The film includes white actors in blackface, an aspect carefully dissected in Siobhan B. Somerville's book Queering the Color Line: Race and the Invention of Homosexuality in American Culture. Since its inclusion in Vito Russo's 1981 book The Celluloid Closet: Homosexuality in the Movies and its 1995 documentary film adaptation, A Florida Enchantment has been seen as one of the earliest screen representations of homosexuality and cross-dressing in American culture. Alison McMahan, a screenwriter and filmmaker, argued that the film was "influenced by the Solax approach to crossdressing, transbodiment, and role revesal."

==Reception and analysis==
At the time of its release, Variety stated that the film should have "never been put out", and the New York Clipper criticized the film and said the female and male impersonations at the story's center were "a most disagreeable theme". When the stage version of the original novel was on Broadway, in 1896, the New York Times described it as "vile stuff" and "nauseating". Variety was also critical of the stage version for similar reasons.

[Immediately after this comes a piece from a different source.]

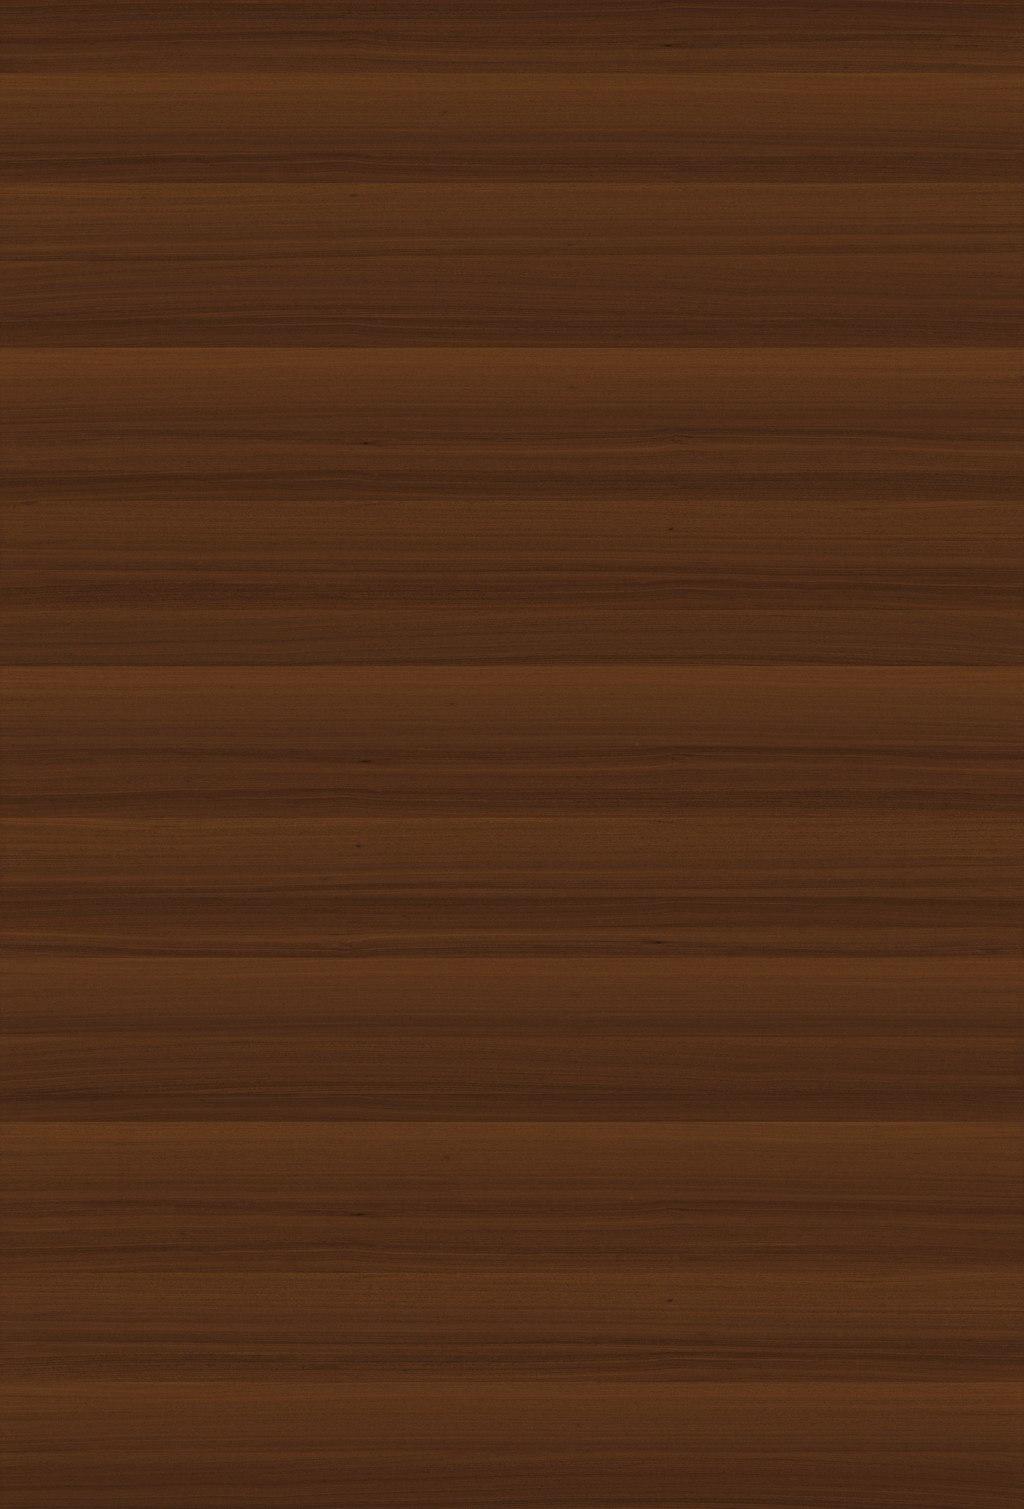 黑胡桃木高清贴图模板下载(图片编号:12338340)

In a masters thesis for University of Florida, Joel Christian Adams analyzed the film, arguing it is transformed from the original novel, noting the connection to consumer capitalism at the time, argued it has become an "ur-text within the emergent history of lesbian and gay visibility", and said the transformations of the film's characters come within a "seemingly fixed system of gender and racial assignment." Scholar Janet Staiger said the film is an "extensive treatment" of cross-dressing and gender-switching, arguing it is interesting because it does not only make cross-dressing a performance, but it creates a narrative around gender transformation and creates "narrative tension". Film historian David Kalat added that the film might be the first "feature comedy", criticized the film's racial stereotypes, but noted it is about the "slipperiness of identity".

Historian Julio Capó Jr. also argued that the film introduced viewers to "gender and sexual transgression" which were possible in the cities and resort towns of Florida, including dances reminiscent of those in Chicago and New York City, and stated that "cultural understandings of race" influenced the message communicated by the film. He also distinguished between the vaudeville show of the same name, premiering three years earlier, and the film. Susan Potter, a films studies scholar, stated the film has an affinity for a "novel stylistic transformation" in which a character engages in action to "guarantee legibility", along with creation of new personification and sexual legibility. Others were more critical. Maggie Hennneield, a scholar of early cinema, argued that the film was "bread-and-butter" for the film industry, which she said "often exploited nonnormative bodies" to resolve tensions between commercial appeals of film and its "aspirational artistic ambitions". She also stated the film missed the mark of "codified deviance or sexual subversion" present in previous adaptations of the original novel.

==In popular culture==
The film is a central element of the 2020 novel Antkind by Charlie Kaufman.